__PROBLEM TO SOLVE__
All pictures are to be omitted while the lines starting at the line with "Leinwandbild Leuchtturm, Leinwandbild" and ending at the line with "Queen Elizabeth's Gold" in the material below are retyped exactly, both ends included.

__DATA FOR THIS TASK__
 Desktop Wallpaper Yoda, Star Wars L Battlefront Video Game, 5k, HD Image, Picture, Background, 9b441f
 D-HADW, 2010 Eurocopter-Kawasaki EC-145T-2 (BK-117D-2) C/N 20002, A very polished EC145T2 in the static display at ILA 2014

* * *

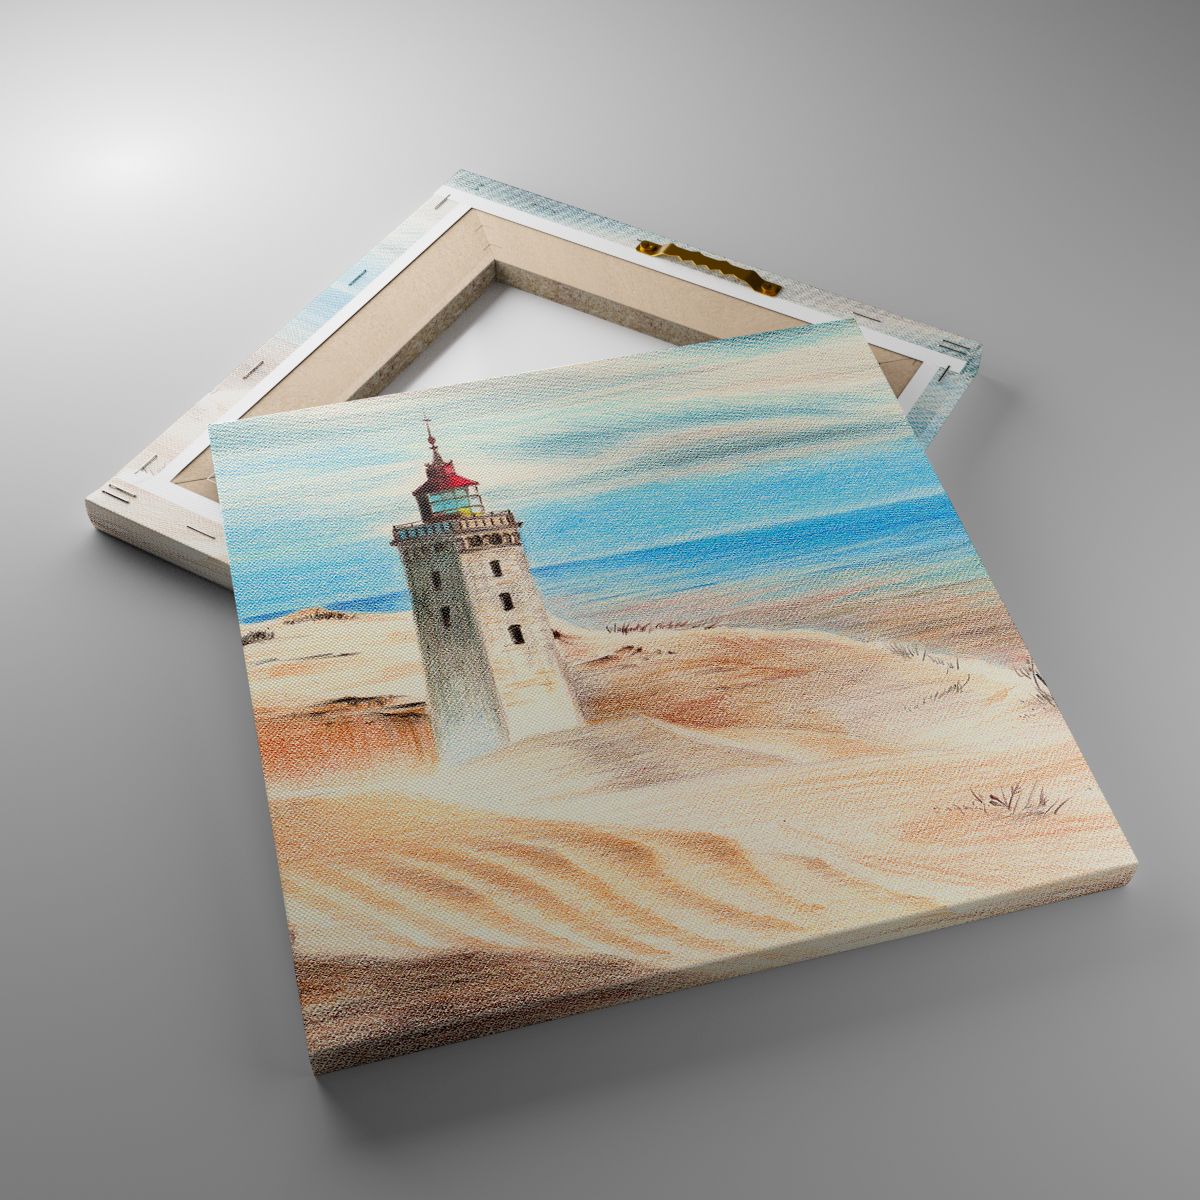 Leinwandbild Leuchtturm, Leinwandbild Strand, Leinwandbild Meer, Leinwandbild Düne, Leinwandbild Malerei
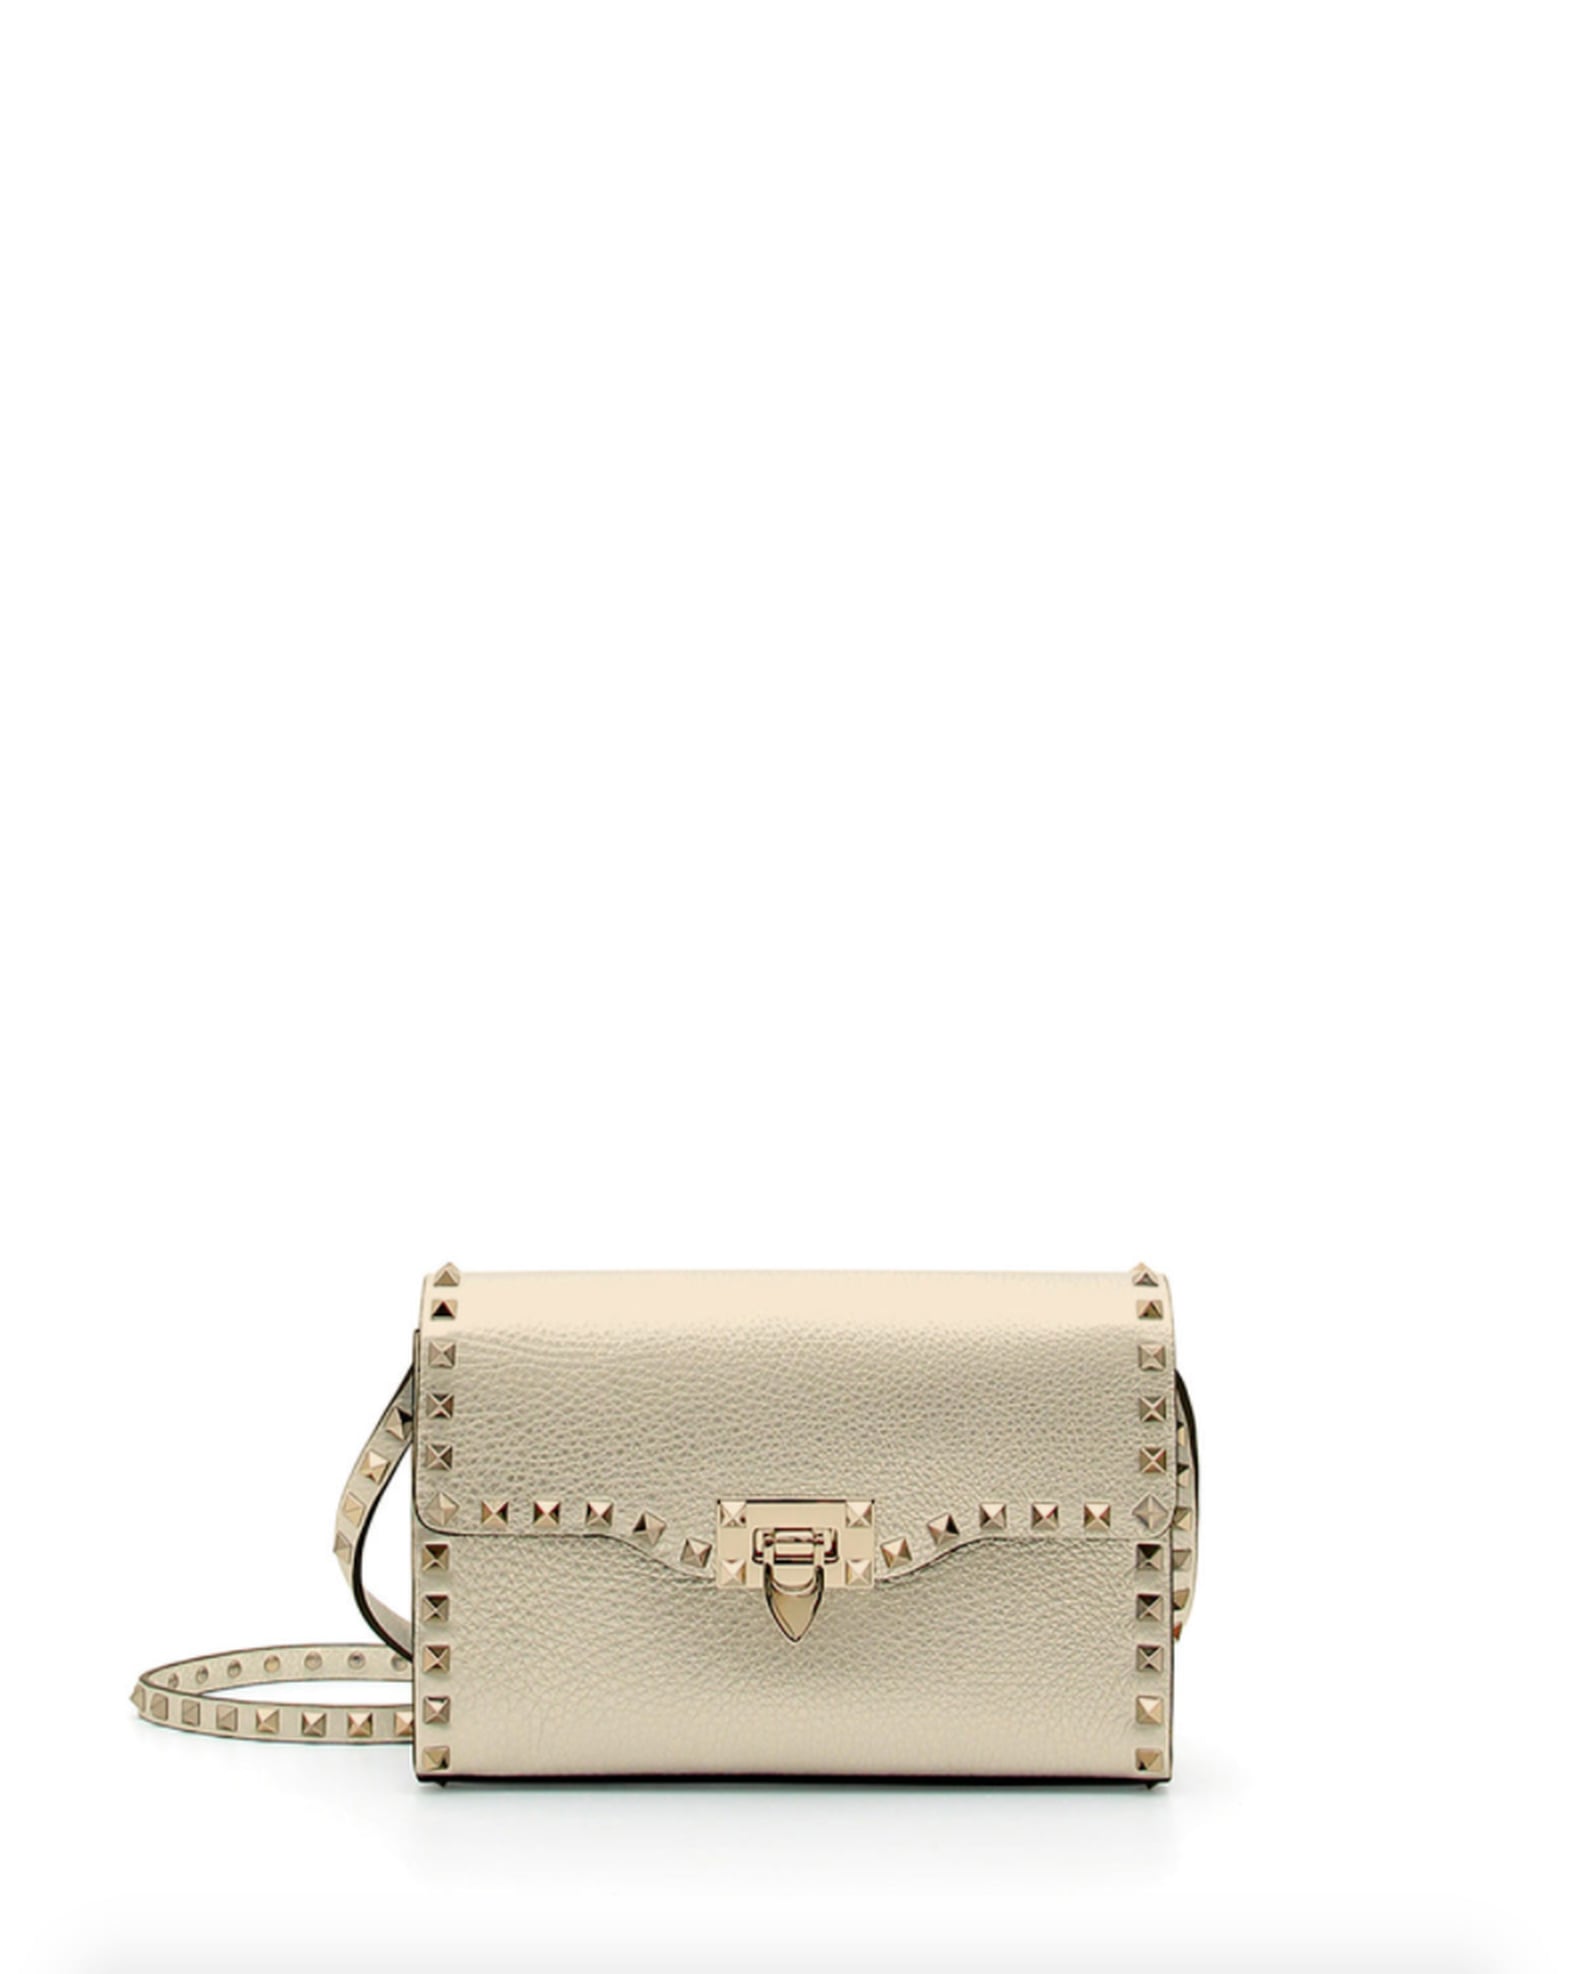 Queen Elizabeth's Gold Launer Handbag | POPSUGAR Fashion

__OUTPUT OF THE TASK__
 Leinwandbild Leuchtturm, Leinwandbild Strand, Leinwandbild Meer, Leinwandbild Düne, Leinwandbild Malerei
 Queen Elizabeth's Gold Launer Handbag | POPSUGAR Fashion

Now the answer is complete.